As guerras do século passado, incluído o Holocausto dos judeus europeus, ensinaram várias lições ao Ocidente. A principal delas foi a abolição da doutrina da guerra. O Ocidente substituiu a destruição e humilhação do inimigo pela manutenção da sua capacidade de se recuperar, preservar a dignidade, mudar e tornar-se parceiro em vez de adversário.
O erro cometido com a Alemanha após a 1ª Guerra Mundial serviu de lição. A Alemanha pós-2ª Guerra tornou-se um foco importante do novo alinhamento ocidental. A dignidade do Japão não foi violada, e o país se tornou um leal aliado da democracia Ocidental. Foi onde o novo tipo de vitória começou, esta que não despreza a possibilidade de diálogo com o adversário de ontem.

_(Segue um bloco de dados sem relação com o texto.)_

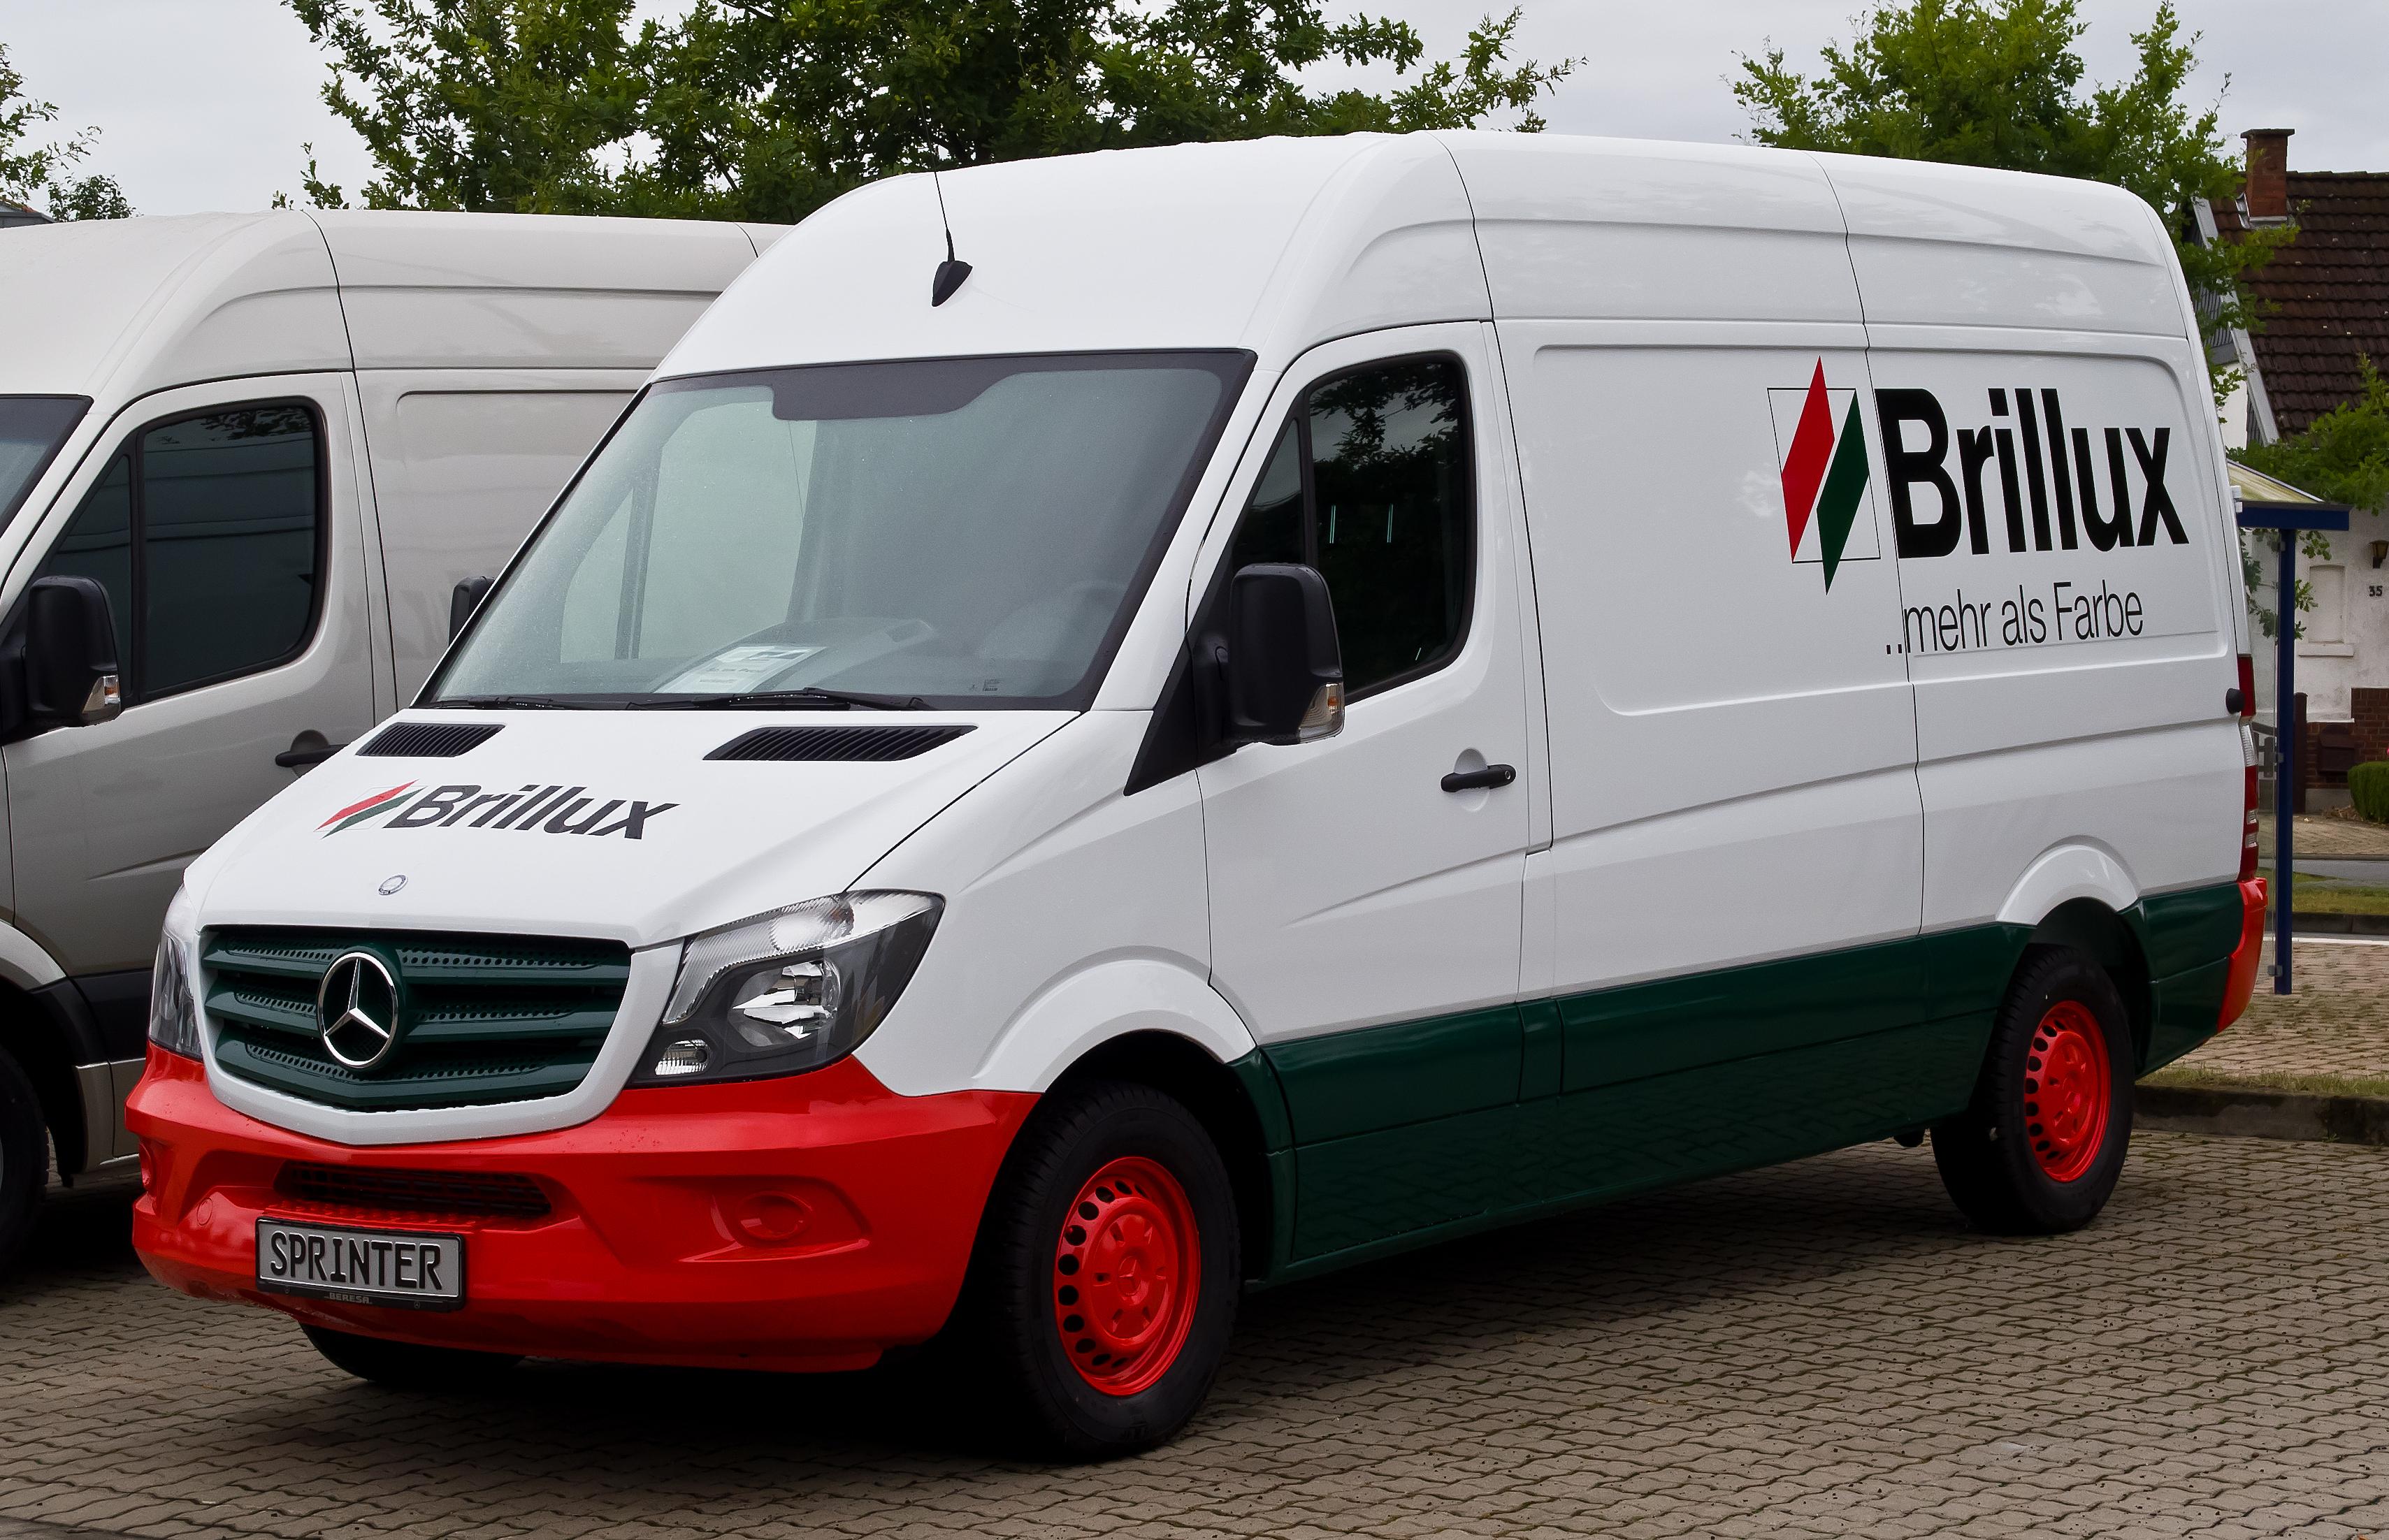 Gas mileage for 2015 mercedes sprinter van autos post for Mercedes benz sprinter gas mileage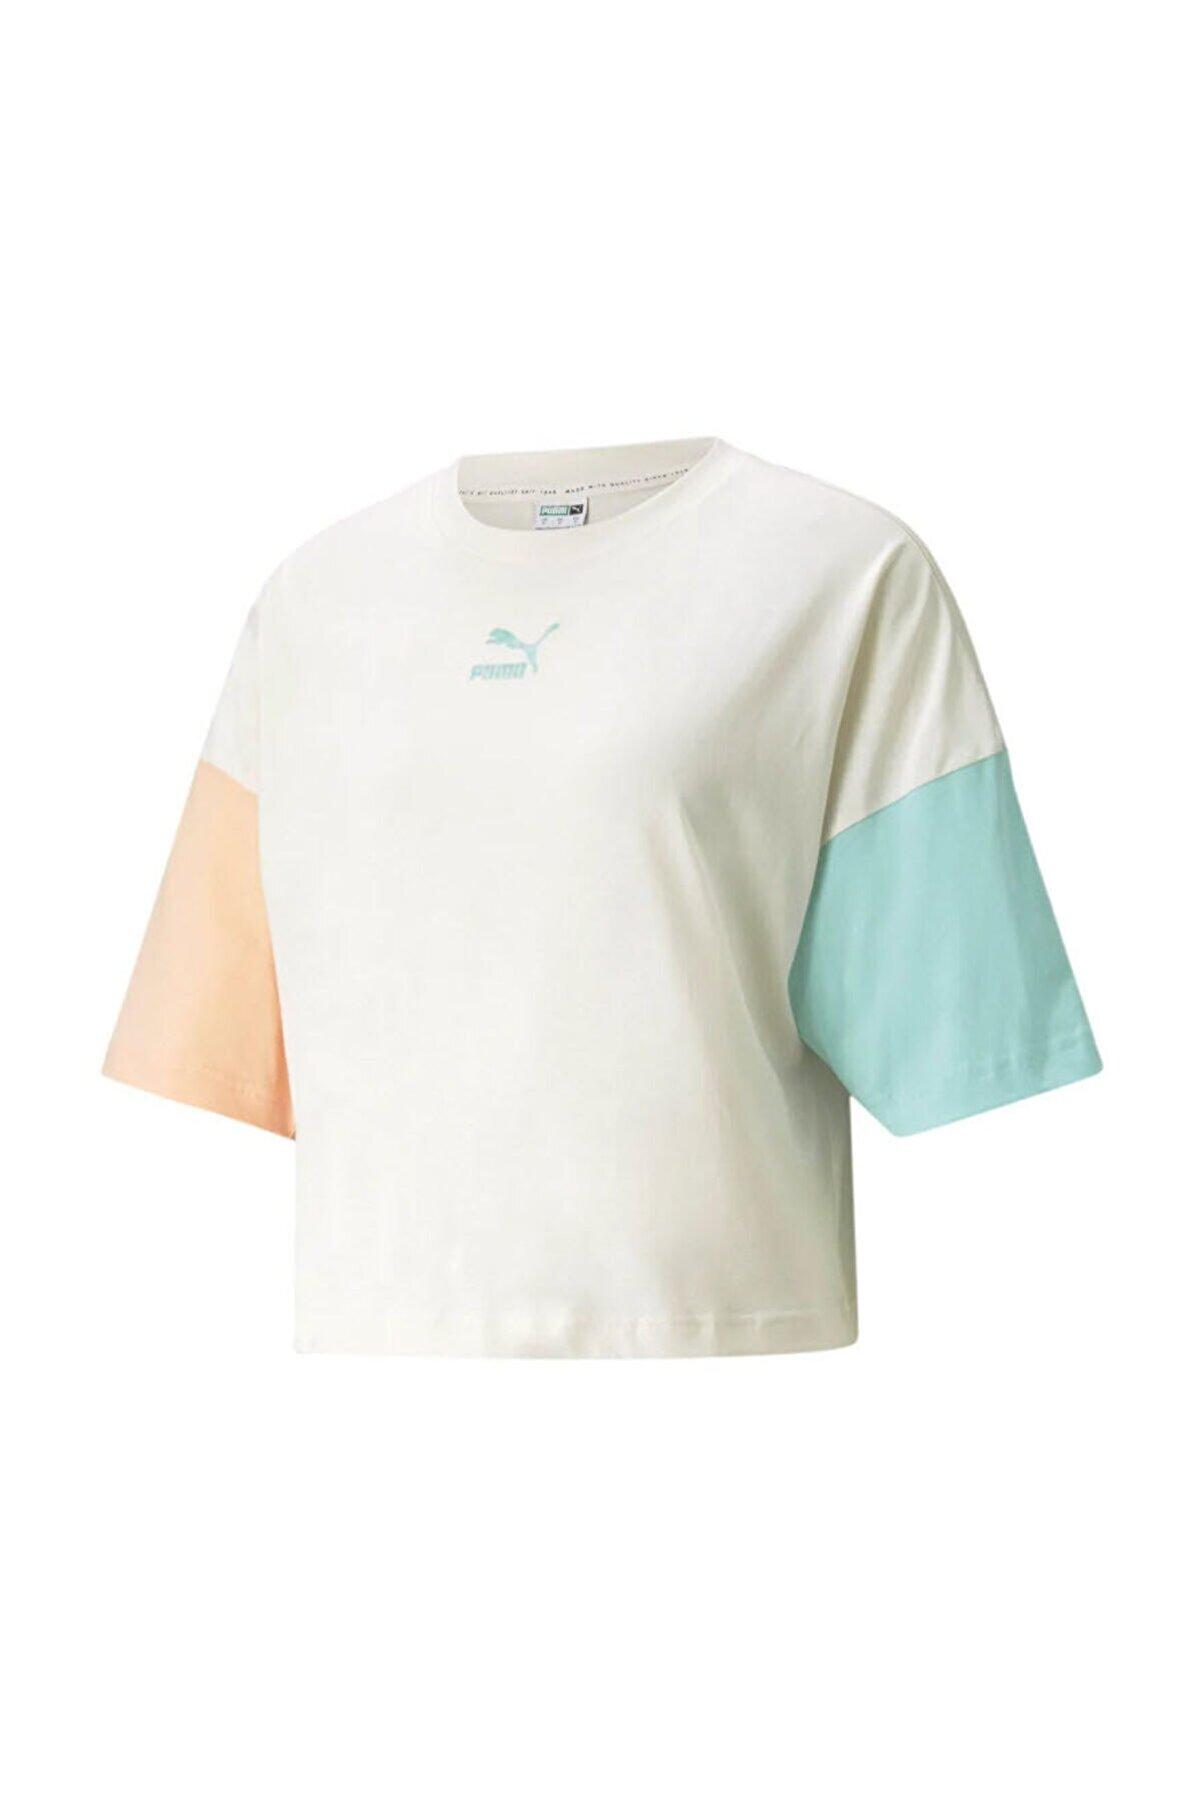 Puma Kadın Spor T-Shirt - CLSX Boyfriend - 53169688

Além disto, parece existir uma conexão firme entre a intensidade do compromisso de uma sociedade com os direitos humanos – a dignidade e a liberdade acordadas dentro do país – e a disposição dos seus soldados para eliminar o outro. Quanto maior a valorização da liberdade, menor o desejo das pessoas de dizimar o inimigo. Fica a questão de como uma sociedade justa combate inimigos que não partilham do mesmo sistema de valores, e de como redefinir o que é a vitória.
Acho que se o objetivo de uma guerra for a destruição do inimigo, esta será uma guerra condenada à derrota. Por razões bem conhecidas nossas, não é mais possível aniquilar nações, e nem mesmo suprimir suas aspirações à independência.
E, por razões não menos importantes, deve-se ter a esperança de que os nossos soldados não se disponham a destruir apenas pelo desejo de destruir. O objetivo de guerra moderna deve ser o de forjar o diálogo.
Caso nenhum diálogo seja estabelecido com o inimigo, a guerra terá sido uma derrota.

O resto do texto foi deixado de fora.